If your STL version doesn't have std::tr1 you will probably have to install boost in order to have access to the shared_ptr, or you could just implement it yourself ( a trivial implementation is quite easy once you understand how a shared_ptr works: u just have to increase the reference count when you copy and assign the shared_ptr, decrease it in the destructor if count>1 or permanentrly destroy the pointed resource in the destructor if count = 1. )

Thanks for the hints.

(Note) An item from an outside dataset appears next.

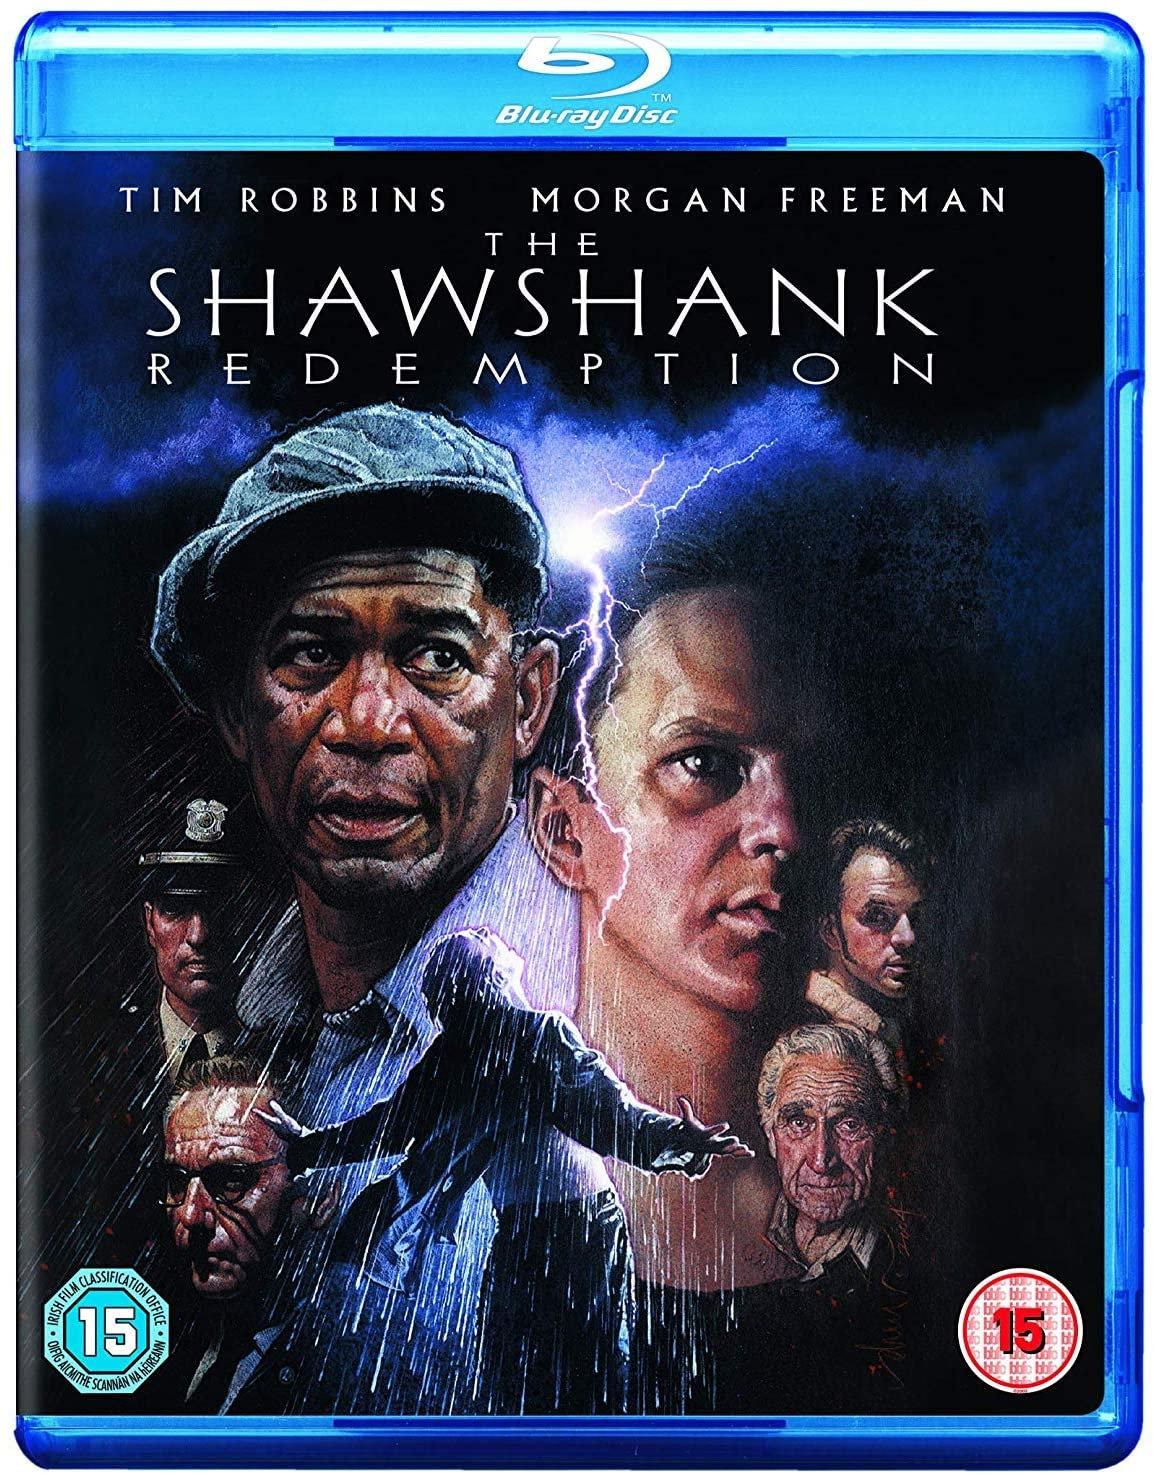 Shawshank redemption blu-ray 01

I kinda understand shared_ptr now but i think it's out of the scope of what i'm doing right now (a assignment for a CS class)

Can you think of any think else that allows LLs to share?

well, this is the "good" way of doing it... of course... you could find a workarround that would kind of be based on the same principle... I'll try to make a short implementation.

#include <iostream>
#include <algorithm>

using namespace std;

template<class T>
class myPointer
{
public:
	T* pT_;
	int *refcount_;

public:
	myPointer(): pT_(NULL), refcount_(NULL) {};
	
	myPointer ( T* objP )
	{
		pT_ = objP;
		refcount_ = new int(1);
	}
	myPointer( const myPointer& node )
	{
		pT_ = node.pT_;
		refcount_ = node.refcount_;
		*refcount_ = *refcount_ + 1;
	}

	myPointer & operator= ( const myPointer& node )
	{
		if( this != &node )
		{
			pT_ = node.pT_;
			refcount_ = node.refcount_;
			*refcount_ = *refcount_ + 1;
		}
		return *this;
	}

	~myPointer ()
	{
		if( refcount_ != NULL )
		{
			if ( *refcount_ == 1 )
			{
				delete pT_;
				delete refcount_;
			}
			else
				*refcount_ = *refcount_ - 1;		
		}
	}
};


template < class T >
class List
{
	struct Node
	{
		myPointer<T> p_;
		Node* next_;

		Node( const myPointer<T>& obj )
		{
			p_ = obj;
			next_ = NULL;
		}


	};

	Node *head_;
public:
	List( const myPointer<T>& obj )
	{
		head_ = new Node ( obj );
	}

	void addToList( const myPointer<T>& obj )
	{
		Node * newHead = new Node( obj );
		newHead->next_ = head_;
		head_ = newHead;
	}

	void printList()
	{
		Node *p = head_;
		while ( p != NULL )
		{
			cout<< *(p->p_.pT_) << endl;
			p = p->next_;
		}
	}
	~List()
	{
		Node * p = head_;
		while ( p != NULL )
		{
			Node *paux = p->next_;
			delete p;
			p = paux;
		}
	}
};


int main(int argc, char* argv[])
{
	{
		myPointer<int> x1( new int(5) );
		myPointer<int> x2( new int(7) );
		
		List<int> myList( x1 );
		myList.addToList( x2 );
		myList.addToList( x2 );
		myList.addToList( x1 );

		List<int> mySecondList( x1 );
		mySecondList.addToList( x1 );
		mySecondList.addToList( x2 );
		mySecondList.addToList( x2 );

		myPointer<int> x3( new int(9) );

		myList.addToList( x3 );
		mySecondList.addToList( x3 );

		myList.printList();
		cout<<endl;
		mySecondList.printList();
	}

	_CrtDumpMemoryLeaks();

}

well, this is what I did as fast as I could, maybe it still has bugs, but none that I could find right now :P . For the test i made it has no leaks.
As you can see you have only three objects ( x1, x2, x3 ) that are shared among 2 lists.
More over, you can have the same object more times in the same list ( x1 and x2 appear twice in both lists ).
Insted of the device class you have a template parameter to the myPointer and List classes that will be the contained type. The test provided uses int as the template parameter.